- **Exercise brief**:
Pictures found in the material must be left out, and every line returned as written.

- **Supplied information**:
[Start of section]

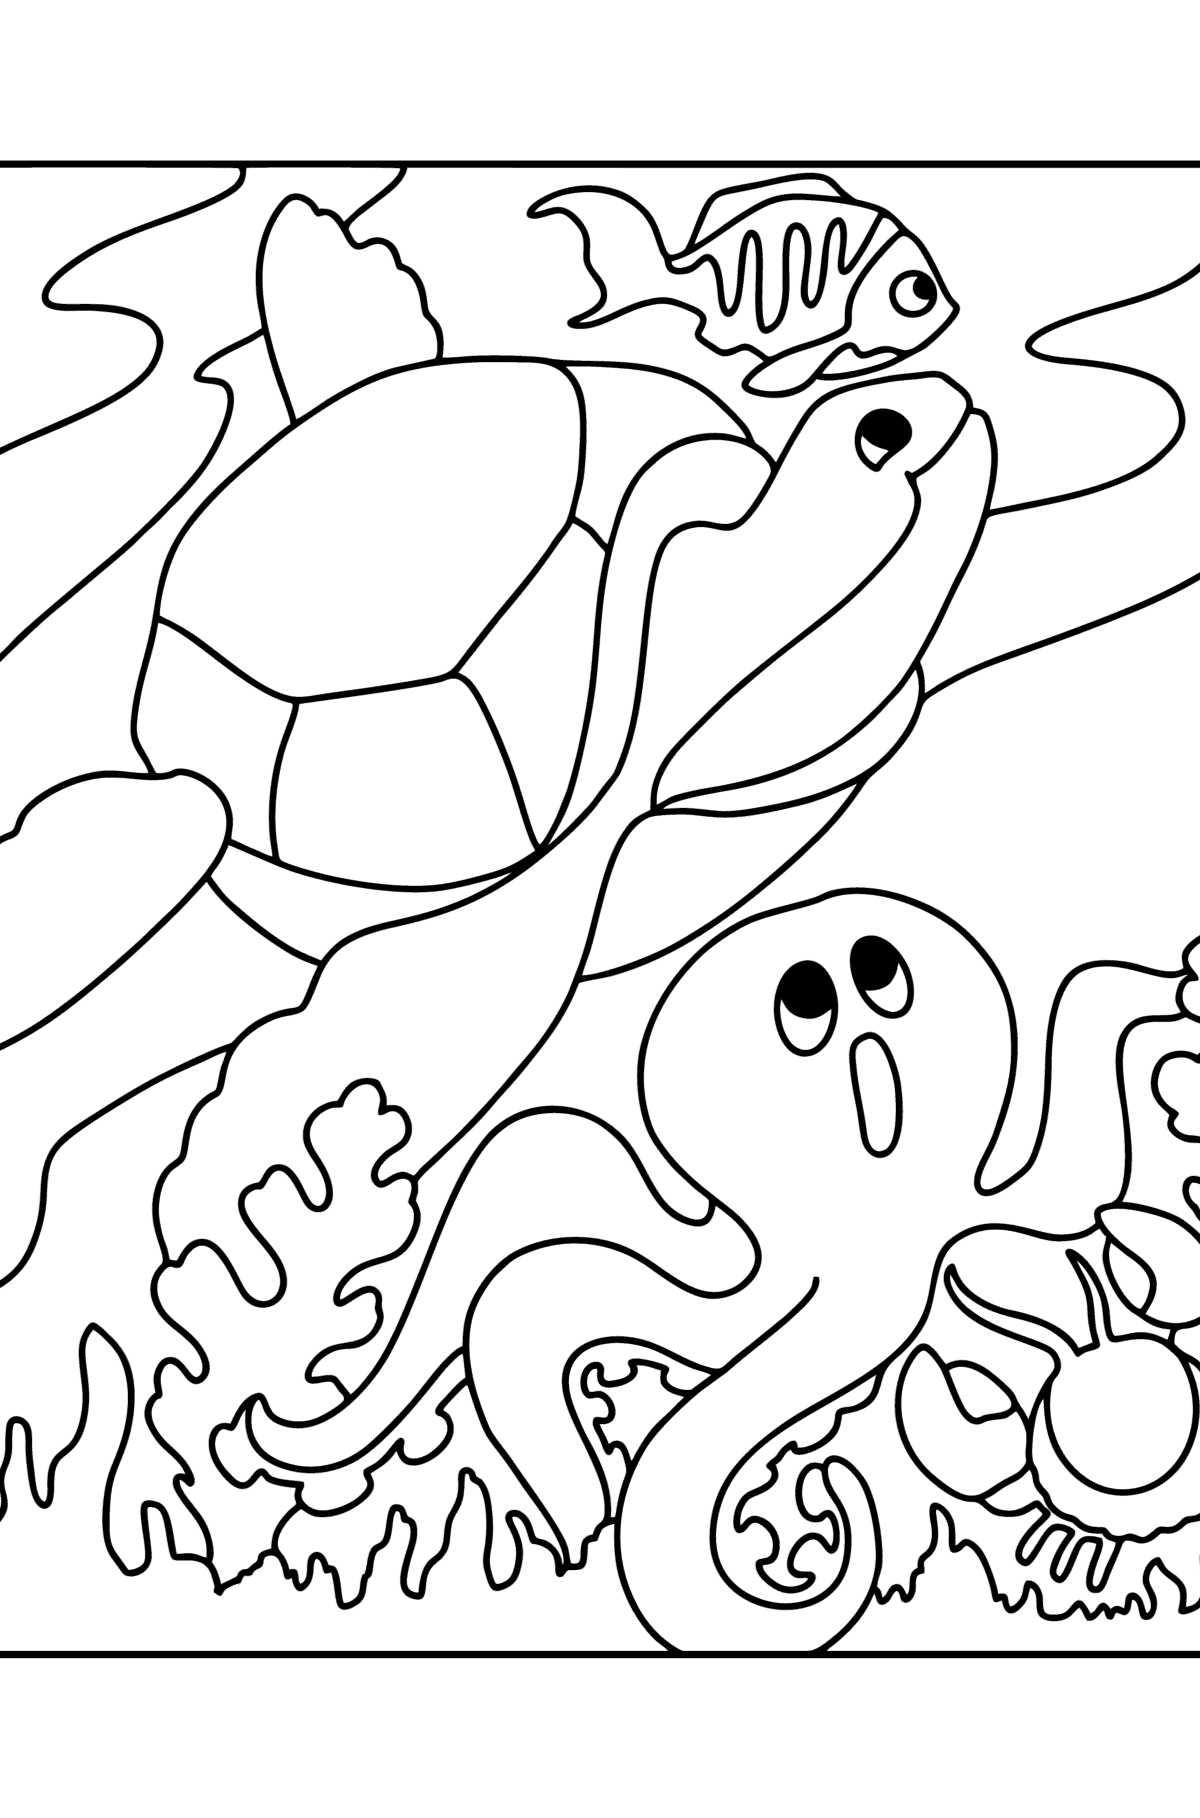 Tegning til fargelegging fisk, skilpadde, krabbe og blekksprut - Tegninger til fargelegging for barn
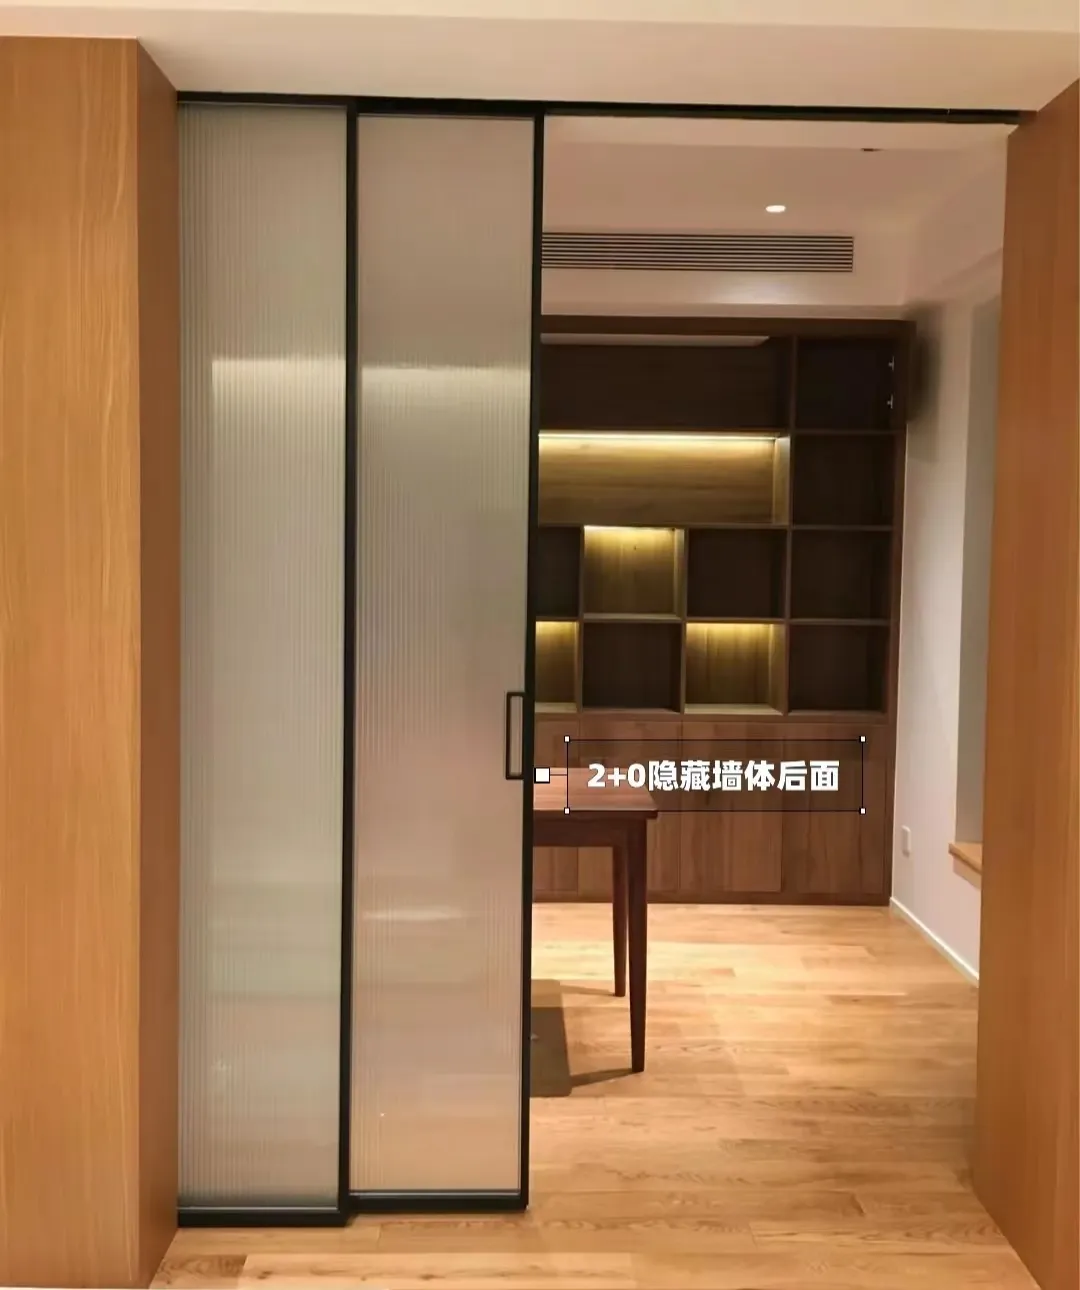 Portes coulissantes modernes en alliage d'aluminium Portes vitrées intérieures à isolation thermique Porte coulissante automatique pour villa appartement
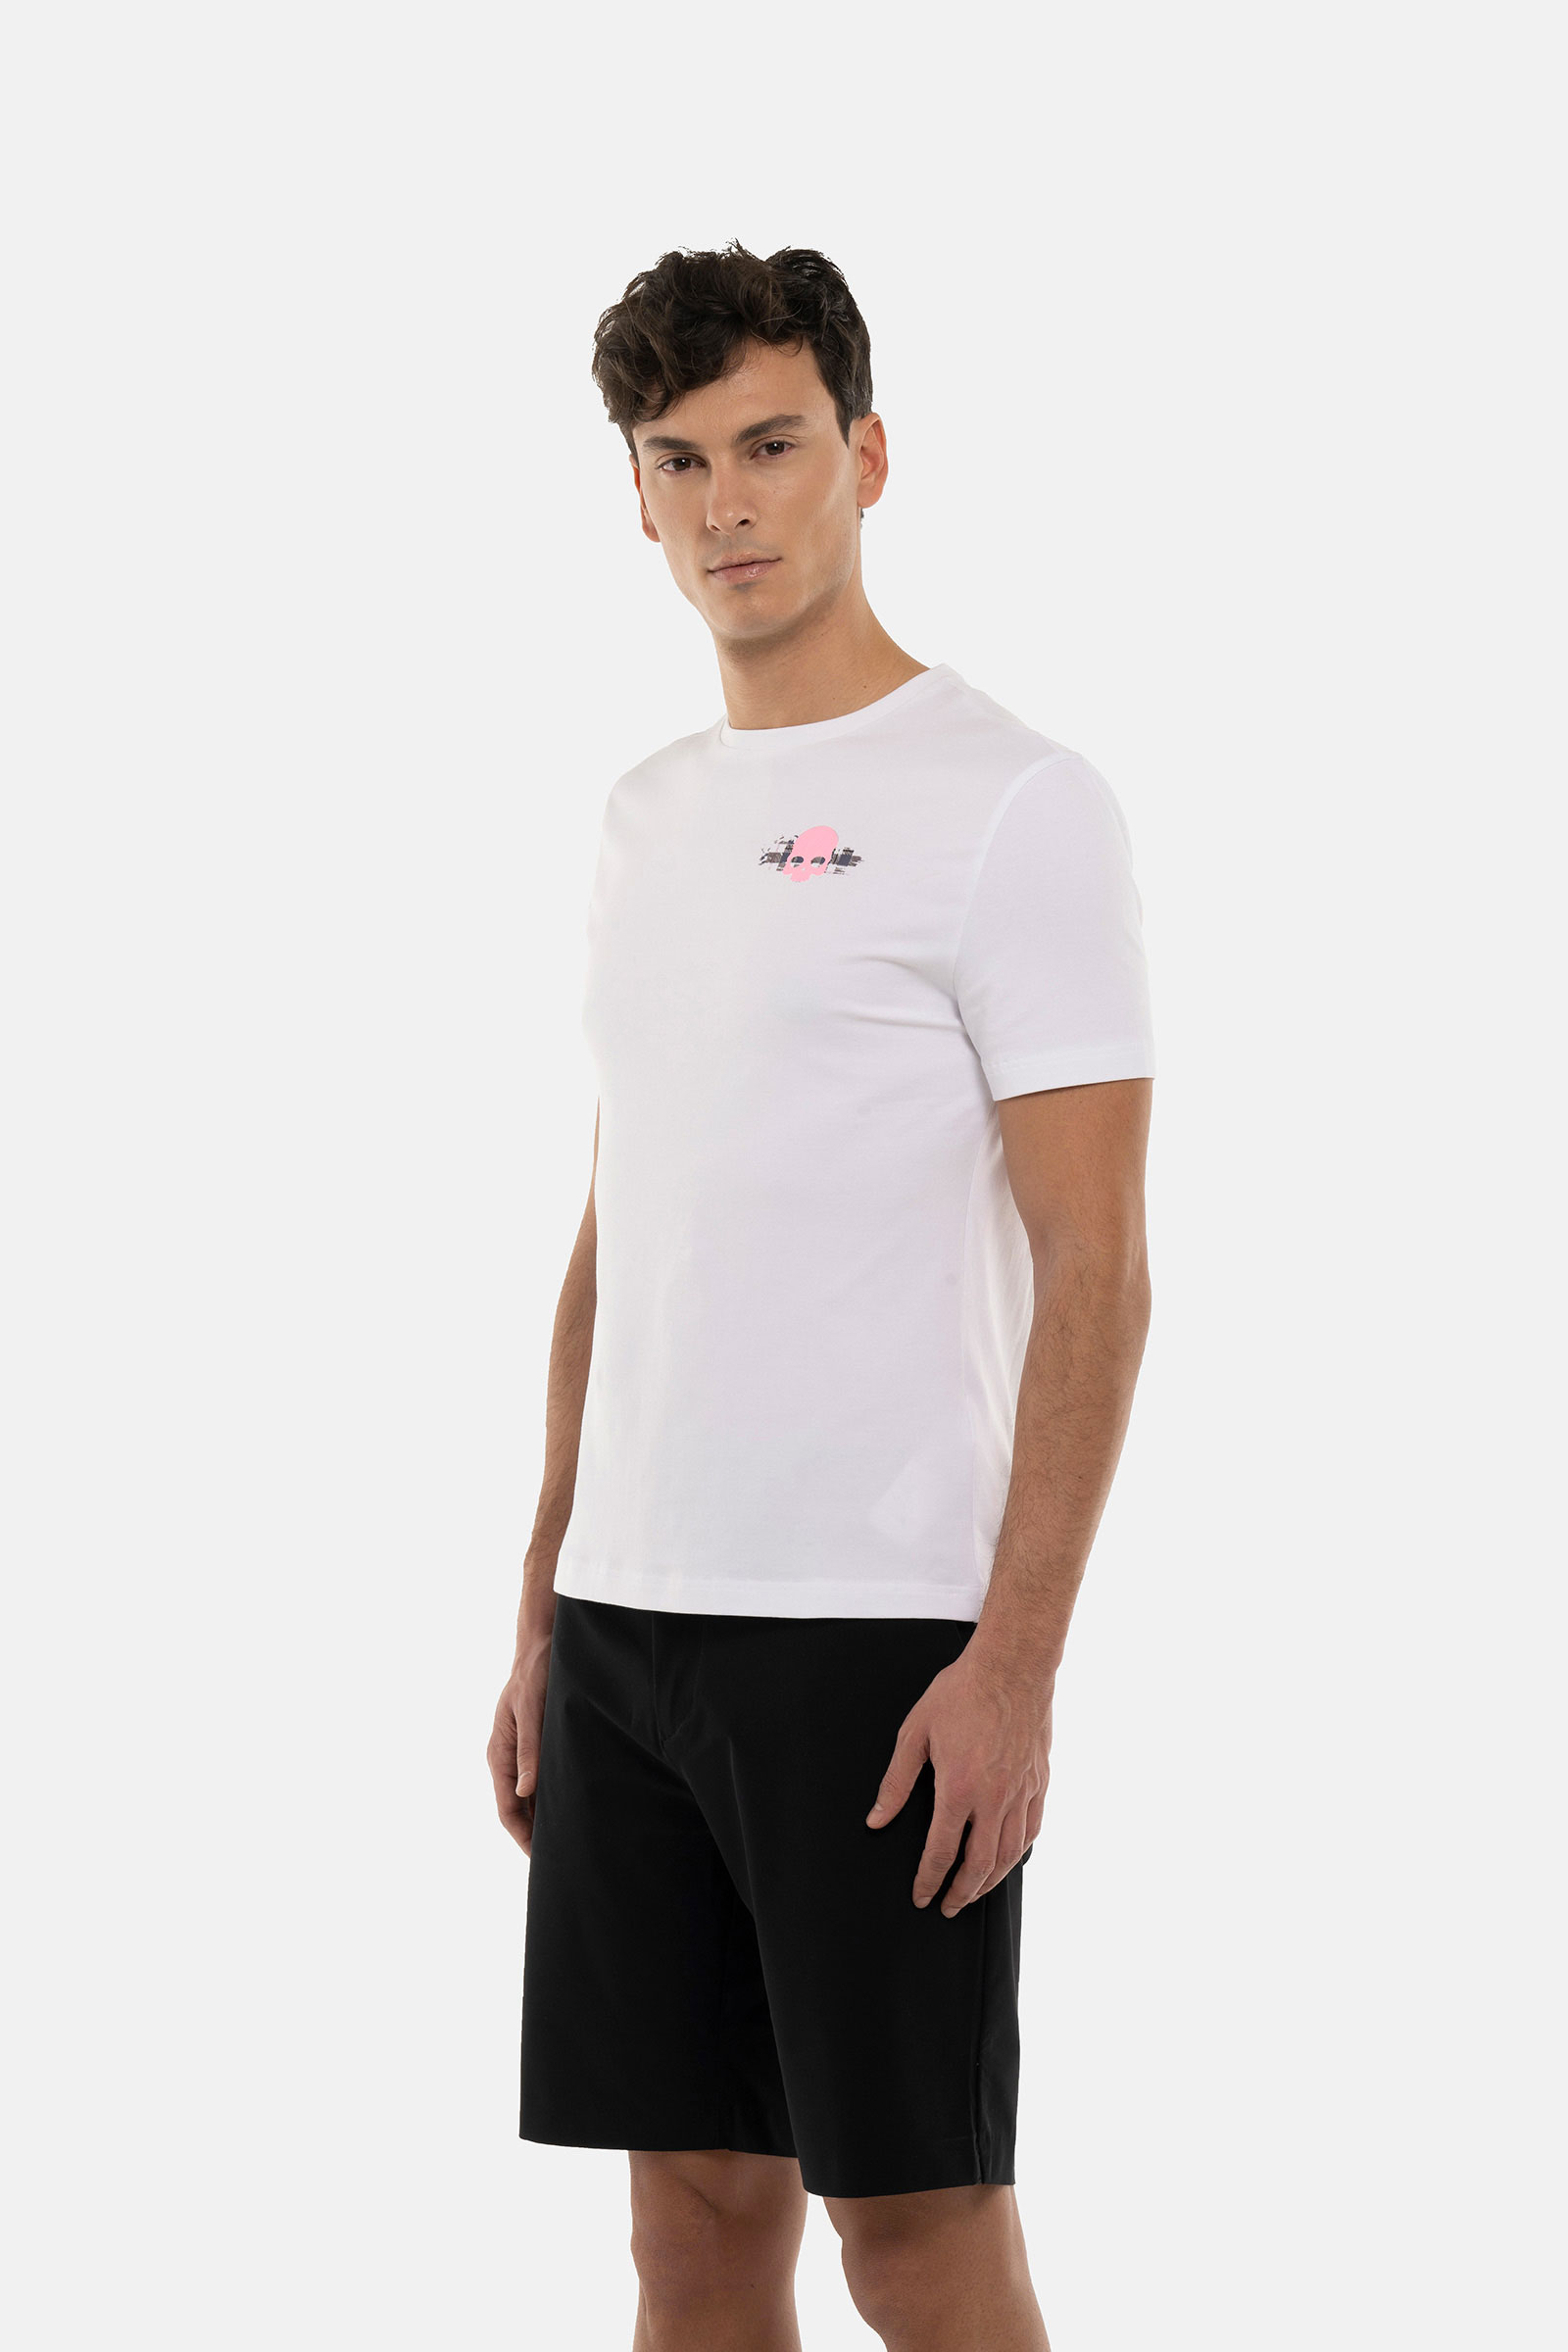 T-SHIRT TESCHIO TARTAN - WHITE - Abbigliamento sportivo | Hydrogen

[End of section]

- **Answer for the task**:
 Tegning til fargelegging fisk, skilpadde, krabbe og blekksprut - Tegninger til fargelegging for barn
 Portes coulissantes modernes en alliage d'aluminium Portes vitrées intérieures à isolation thermique Porte coulissante automatique pour villa appartement
 T-SHIRT TESCHIO TARTAN - WHITE - Abbigliamento sportivo | Hydrogen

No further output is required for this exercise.